The two functions in Listing 9.15, getScheduledTask and cleanup(), manage the native companions objects left behind by ill-behaved clients. They also illustrate the biggest downside of using reference queues: scheduling cleanup.

Typically, finalizers are run on a special thread, maintained by the runtime, whose sole purpose is running finalizers. The finalizer thread receives notification for objects that need finalization and schedules their finalizer methods.

When using reference queues, however, scheduling object cleanup is not handled by the runtime. The application must poll the reference queue occasionally and schedule any work that it finds there.

There are good and bad aspects of this requirement. The bad parts are probably obvious: An application that uses reference queues must be able to schedule a job to service the reference queue, and it must be able to schedule any work that the job finds on a robust execution service. If the execution service fails for any reason, managed objects will no longer be freed correctly. That is likely to be disastrous.

Note, by the way, that reference queues do not change the indeterminate scheduling of object cleanup. Objects are only enqueued for cleanup when the garbage collector needs space and only processed when the application program gets around to scheduling a cleanup task.

The good aspects may be a little less apparent. Consider: Finalizers are problematic because it is possible to overwhelm the finalizer thread. As noted previously, freeing hundreds of finalizable objects quickly might very well add those objects to the finalizer’s queue faster than it can take them off for processing. Because the finalizer’s queue is difficult to access programmatically, little opportunity exists for an application to gauge whether or not its doom is impending.

Using a reference queue, however, the application controls the cleanup mechanism; it can scale the object recovery process to the need. A multi-threaded, high-priority execution service might be able to stay ahead of object allocation.

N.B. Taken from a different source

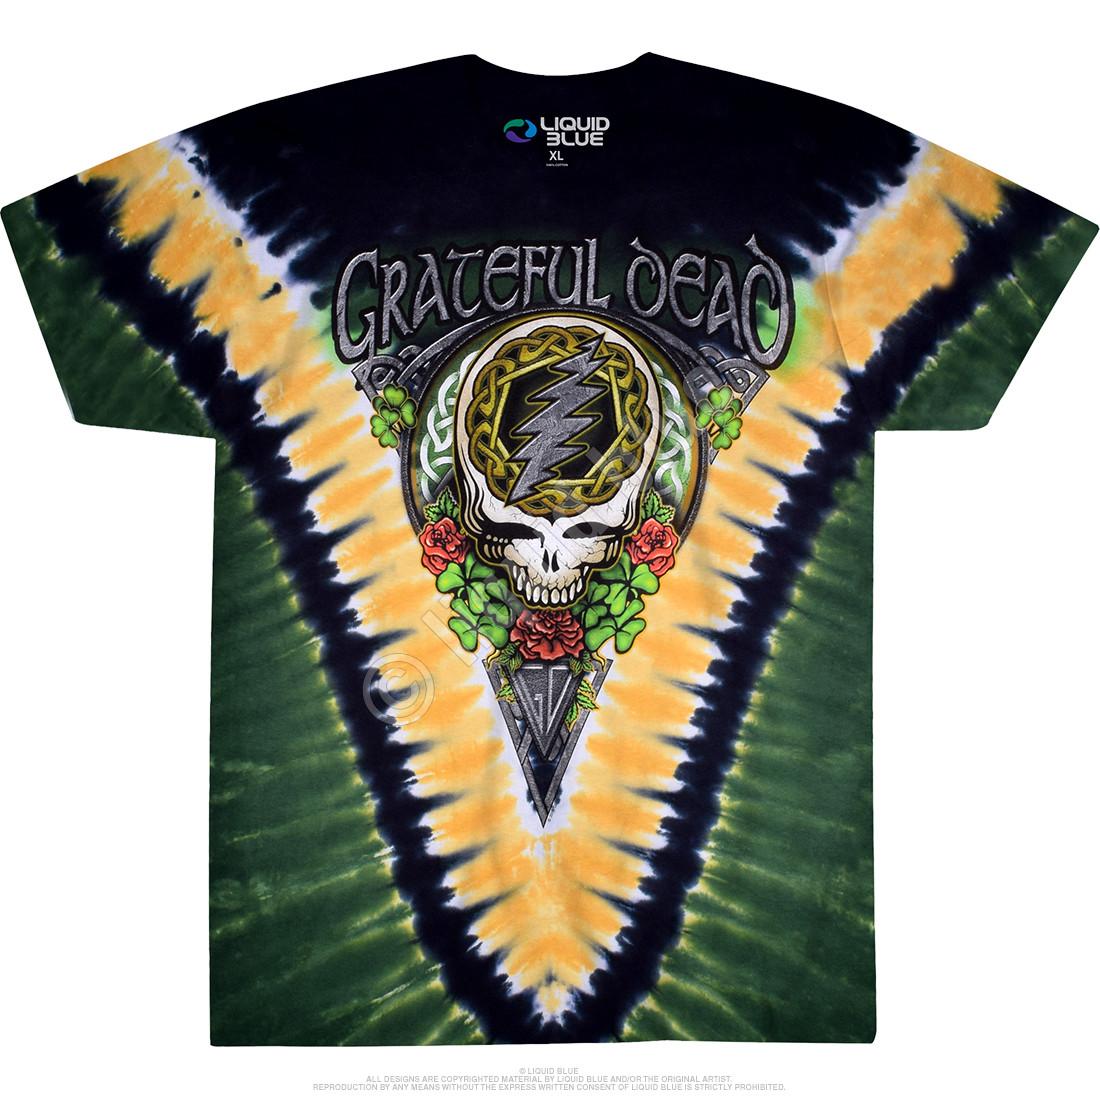 3XL 5XL 2XL 6XL TieDye TShirt LB XL Grateful Dead Space Your Face M L 4XL

Better yet, though, suppose that the same thread processes both the application-specific tasks that cause memory allocation and the reference queue that cleans them up. If the thread is busy managing the reference queue, it cannot allocate new objects. Allocation is naturally limited to creating no more than it can free. Governing the object allocation rate in this way makes for extremely robust apps.

Listing 9.15 posits a scheduling mechanism elsewhere in the system that registers new periodic tasks by calling a class’s getScheduledTask method. The method returns the task to be run and the interval (in milliseconds) between runs. Surely, many other ways exist for accomplishing something similar: This particular implementation simply illustrates that the method cleanup() must be called periodically.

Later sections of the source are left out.